Metabolism occurs through hydrolytic deamidation, S-oxidation, aromatic ring hydroxylation, and glucuronide conjugation. Less than 10% of an administered dose is excreted as the parent compound. In a clinical study using radiolabeled modafinil, a total of 81% of the administered radioactivity was recovered in 11 days post-dose, predominantly in the urine (80% vs. 1% in the feces). The largest fraction of the drug in urine was modafinil acid, but at least six other metabolites were present in lower concentrations. Only two metabolites reach appreciable concentrations in plasma, i.e., modafinil acid and modafinil sulfone. In preclinical models, modafinil acid, modafinil sulfone, 2-[(diphenylmethyl)sulfonyl]acetic acid and 4-hydroxy modafinil, were inactive or did not appear to mediate the arousal effects of modafinil.

In adults, decreases in trough levels of modafinil have sometimes been observed after multiple weeks of dosing, suggesting auto-induction, but the magnitude of the decreases and the inconsistency of their occurrence suggest that their clinical significance is minimal. Significant accumulation of modafinil sulfone has been observed after multiple doses due to its long elimination half-life of 40 hours. Auto-induction of metabolizing enzymes, most importantly cytochrome P-450 CYP3A4, has also been observed in vitro after incubation of primary cultures of human hepatocytes with modafinil and in vivo after extended administration of modafinil at 400 mg/day.

Specific Populations

Age

A slight decrease (approximately 20%) in the oral clearance (CL/F) of modafinil was observed in a single dose study at 200 mg in 12 subjects with a mean age of 63 years (range 53 to 72 years), but the change was considered not likely to be clinically significant. In a multiple dose study (300 mg/day) in 12 patients with a mean age of 82 years (range 67 to 87 years), the mean levels of modafinil in plasma were approximately two times those historically obtained in matched younger subjects. Due to potential effects from the multiple concomitant medications with which most of the patients were being treated, the apparent difference in modafinil pharmacokinetics may not be attributable solely to the effects of aging. However, the results suggest that the clearance of modafinil may be reduced in the elderly [see Dosage and Administration (2.4) and Use in Specific Populations (8.5)] .

Gender

The pharmacokinetics of modafinil are not affected by gender.

Race

The influence of race on the pharmacokinetics of modafinil has not been studied.

Renal Impairment

In a single dose 200 mg modafinil study, severe chronic renal failure (creatinine clearance 20 mL/min) did not significantly influence the pharmacokinetics of modafinil, but exposure to modafinil acid (an inactive metabolite) was increased 9-fold.

Hepatic Impairment

The pharmacokinetics and metabolism of modafinil were examined in patients with cirrhosis of the liver (6 men and 3 women).
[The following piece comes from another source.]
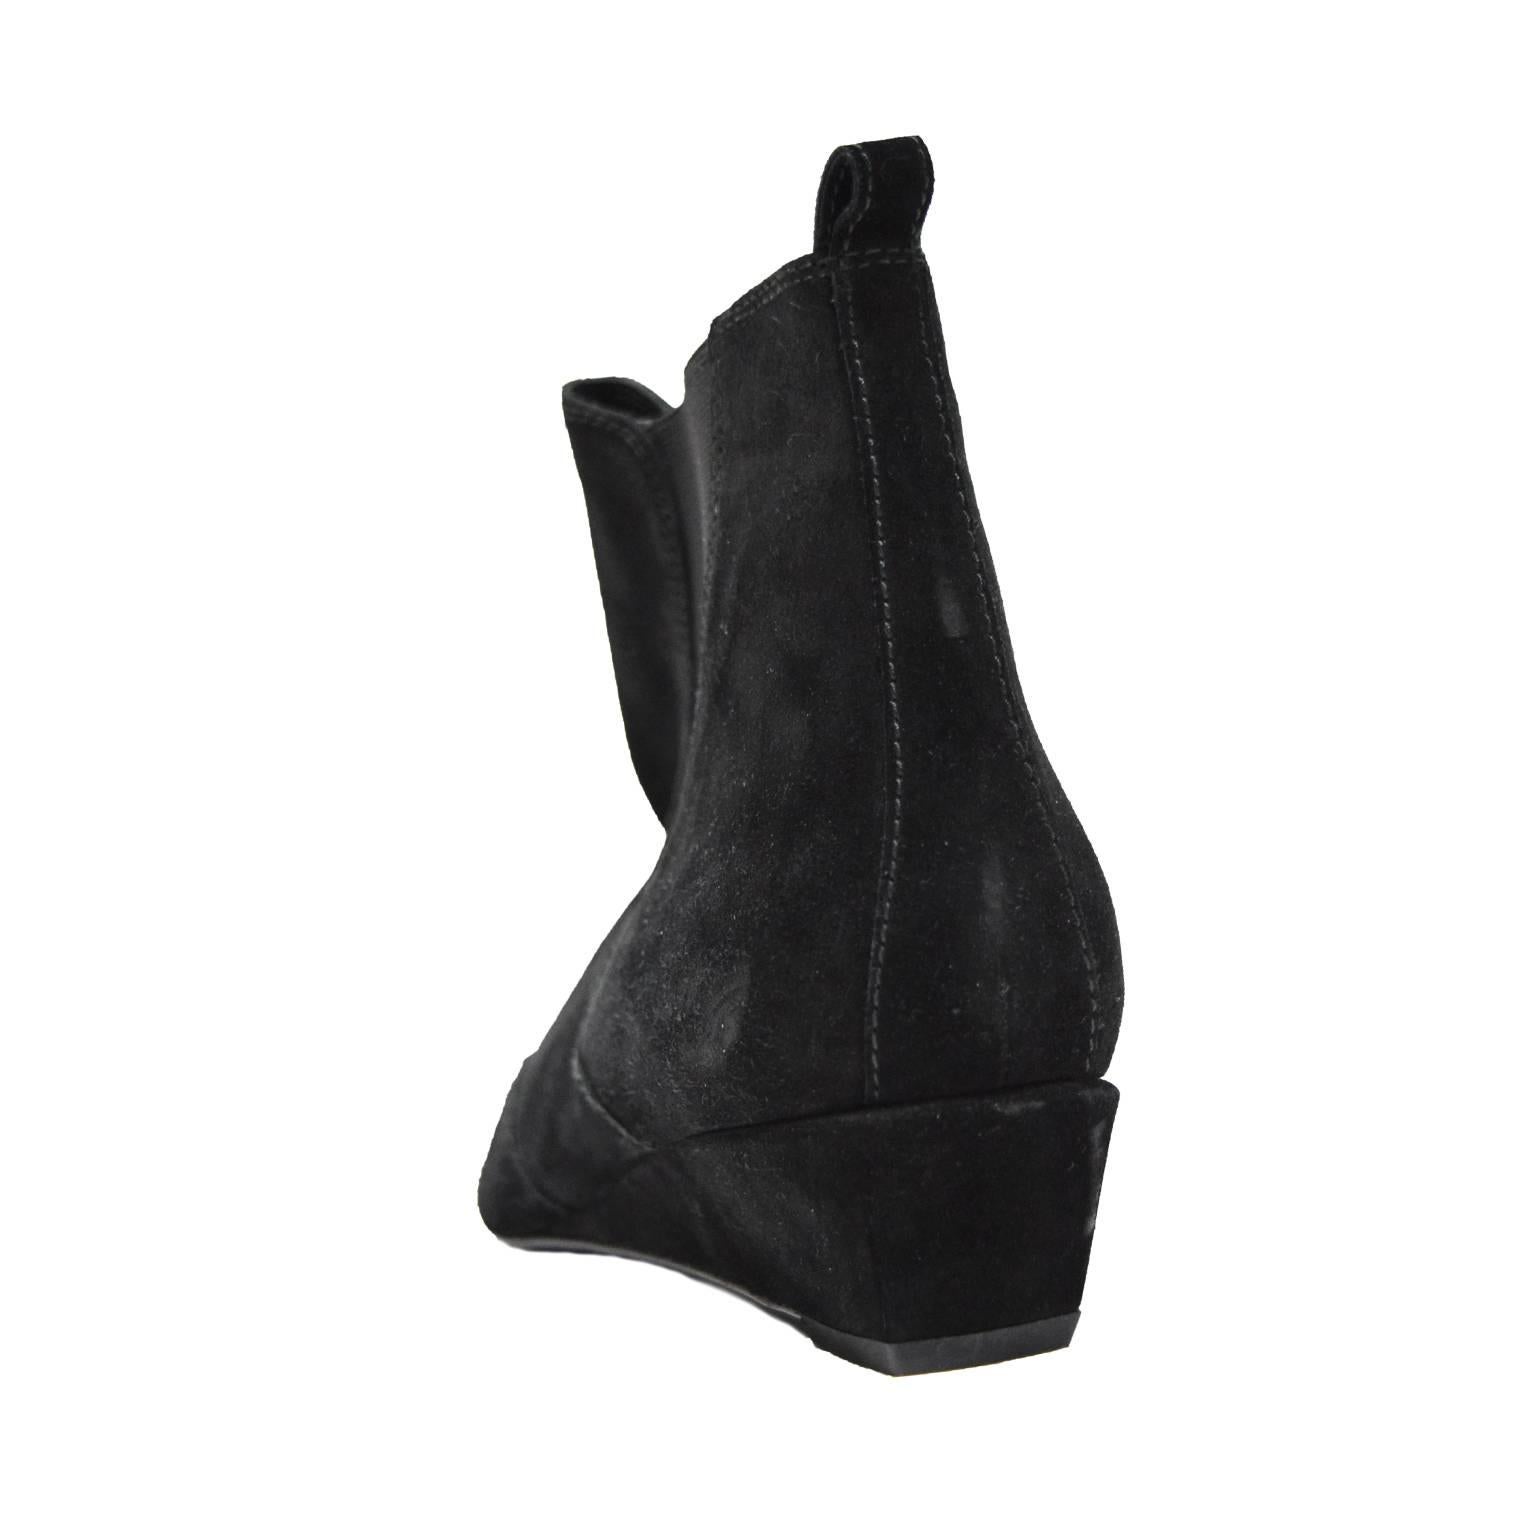 Stuart Weitzman Covering Slip-On Black Shoe-Bootie In Excellent Condition For Sale In Henrico, VA

Three patients had stage B or B+ cirrhosis and 6 patients had stage C or C+ cirrhosis (per the Child-Pugh score criteria). Clinically 8 of 9 patients were icteric and all had ascites. In these patients, the oral clearance of modafinil was decreased by about 60% and the steady state concentration was doubled compared to normal patients [see Dosage and Administration (2.3) and Use in Specific Populations (8.6)] .

Drug Interactions

In vitro data demonstrated that modafinil weakly induces CYP1A2, CYP2B6, and possibly CYP3A activities in a concentration-related manner and that CYP2C19 activity is reversibly inhibited by modafinil. In vitro data also demonstrated that modafinil produced an apparent concentration-related suppression of expression of CYP2C9 activity. Other CYP activities did not appear to be affected by modafinil.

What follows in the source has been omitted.